Kat, labeling people is _not_ useful. When you label someone, you disparage them, and brand them in a simple way that might not describe how they actually are. A label leaves out all the nuance.
I am not a troll. Not at all. My interest is always intellectual - not emotional. I am a scientist at heart (and by training). I seek the truth. When I am shown to be wrong, I pivot immediately to embrace the truth.
The trans issue is one that I have taken an interest over the years because my step son influence a number of his friends to declare that they were trans. I do not have a personal stake or interest in the issue - my interest is strictly intellectual.
I have heard every argument that the trans community uses, and have not heard anything that is not easily explained by the view that many trans people suffer from a compulsive disorder. I have a minor compulsive disorder, so I have experience with that.
A compulsive disorder is very real. It is not imagined. Those who have one should not be mistreated. One can alleviate the anxiety of a compulsion by performing the behavior. I support the right of trans people to claim a different "sex" in order alleviate their anxiety. That is a good thing.

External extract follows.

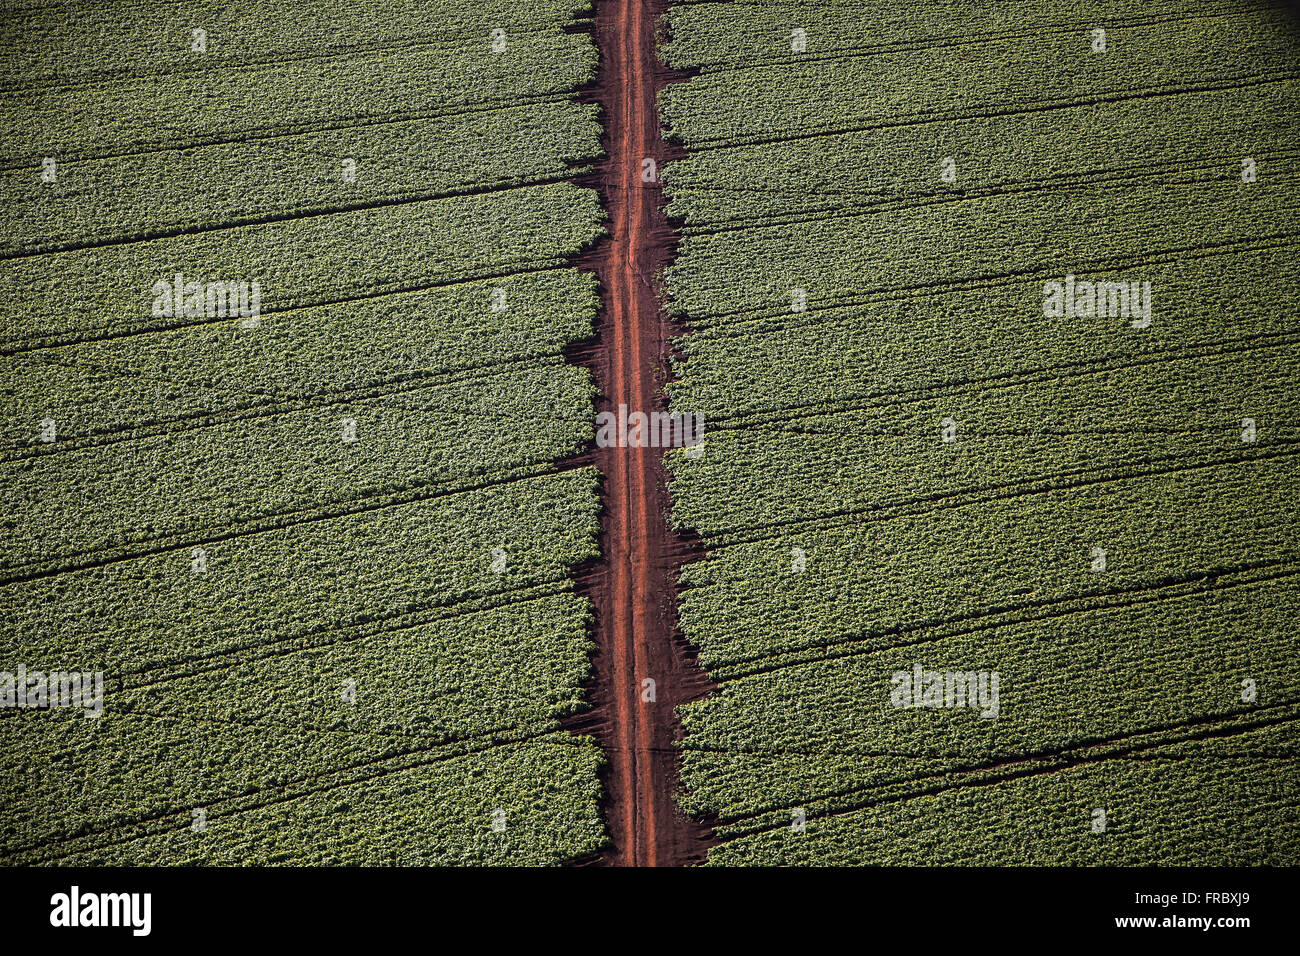 Aerial view of soy plantation in the countryside Stock Photo
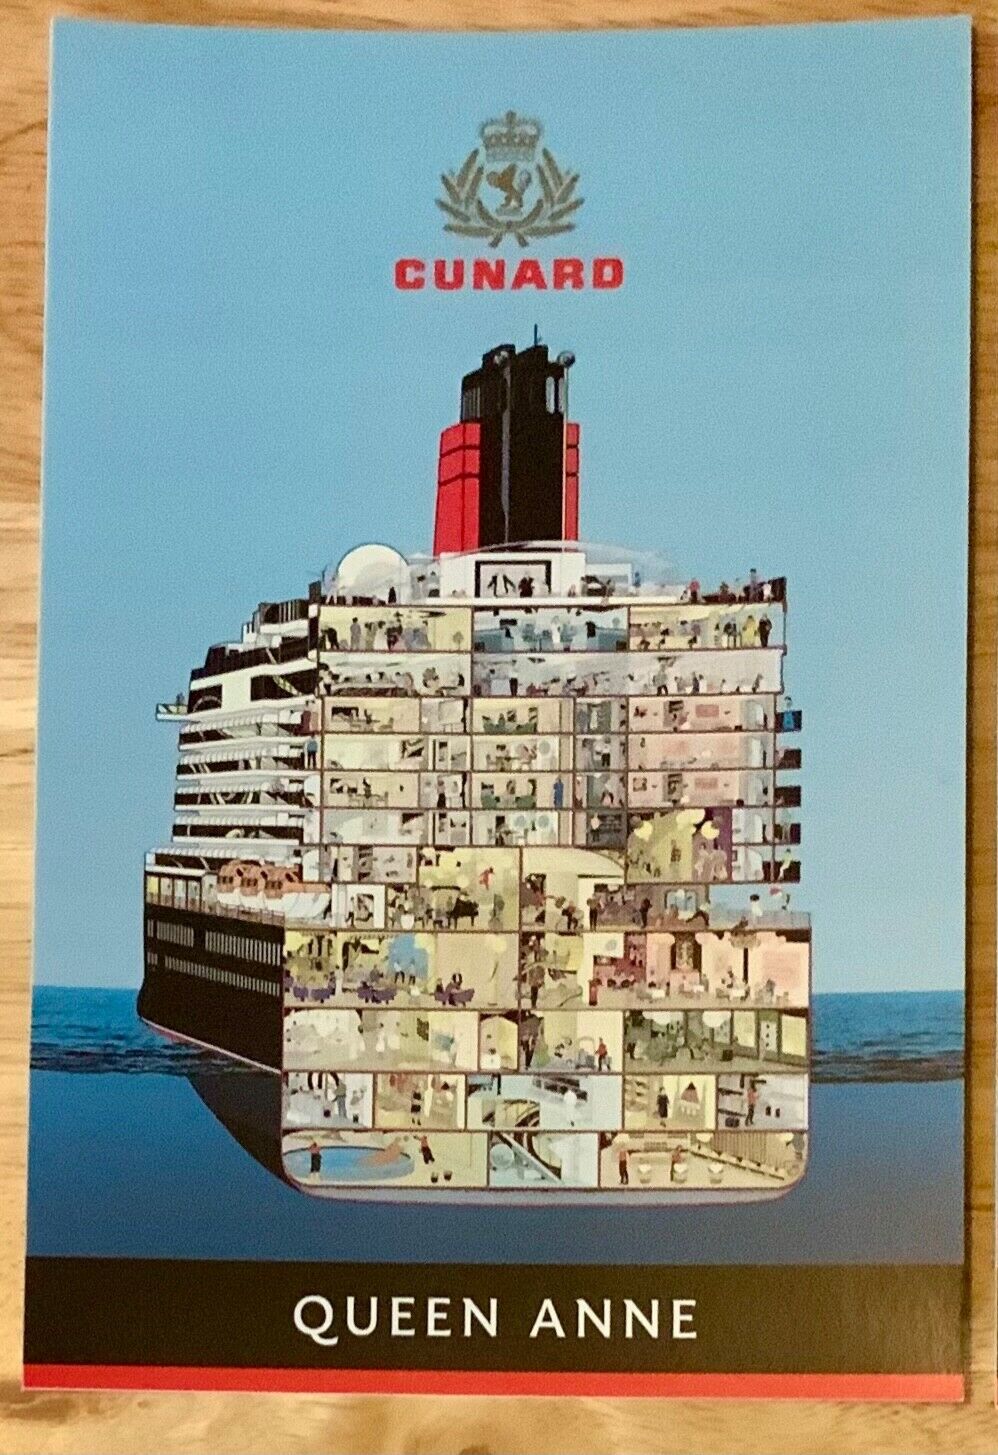 1 new Cunard Cruise line Queen Anne Postcard available Only On The Ship

One argument often used by trans people is that they "must" be, say, a "woman" because they "feel like a woman". That makes no sense to be, because if one's sex is only one's reproductive capabbility and nothing else, then there should be no such thing as "feeling like" any particular sex. I am a man (reproductively), but I don't "feel like a man". I just feel like me. I don't know what a trans person means when they say they "feel like a man" - to me that is like saying you "feel like a tomato" - I don't get it.
I don't get it because I feel no anxiety about who I am. But a comulsion can easily explain the trans phenomenon. That explanation is resisted by the trans community because they want it to be political: they want to "normalize" the condition.
Science has shown that our bodies are complex. There are many traits that are more or less common among males or females, respectively, but just because someone has, say, a brain trait that is more common in females does not make that person a female. They are a female if they have female sex organs.
I believe that if I were growing up today, I would conclude that I am a woman, because I have traits that are common among women: I tend to relate better to women, I don't like most typical male activities and my attitudes tend to be more feminine about many things. But I feel no anxiety about that. I don't "feel like a woman" - I feel like me. No label. No anxiety. Because I don't have a compulsive disorder.
Having a compulsive disorder does not make one a bad person. It is just something to deal with, and if the best way to deal with that is to masquerade as a female or a male, I am all for that.
But what if there were a simple fix? What if the compulsion could be treated? What if all the anxiety could be taken away?
We need to be careful to not make trans like the deaf community. There are now cures for deafness, but the deaf community does not like that, because they want deafness to be normalized. They want to perpetuate deafness. Any movement seeks to perpetuate itself.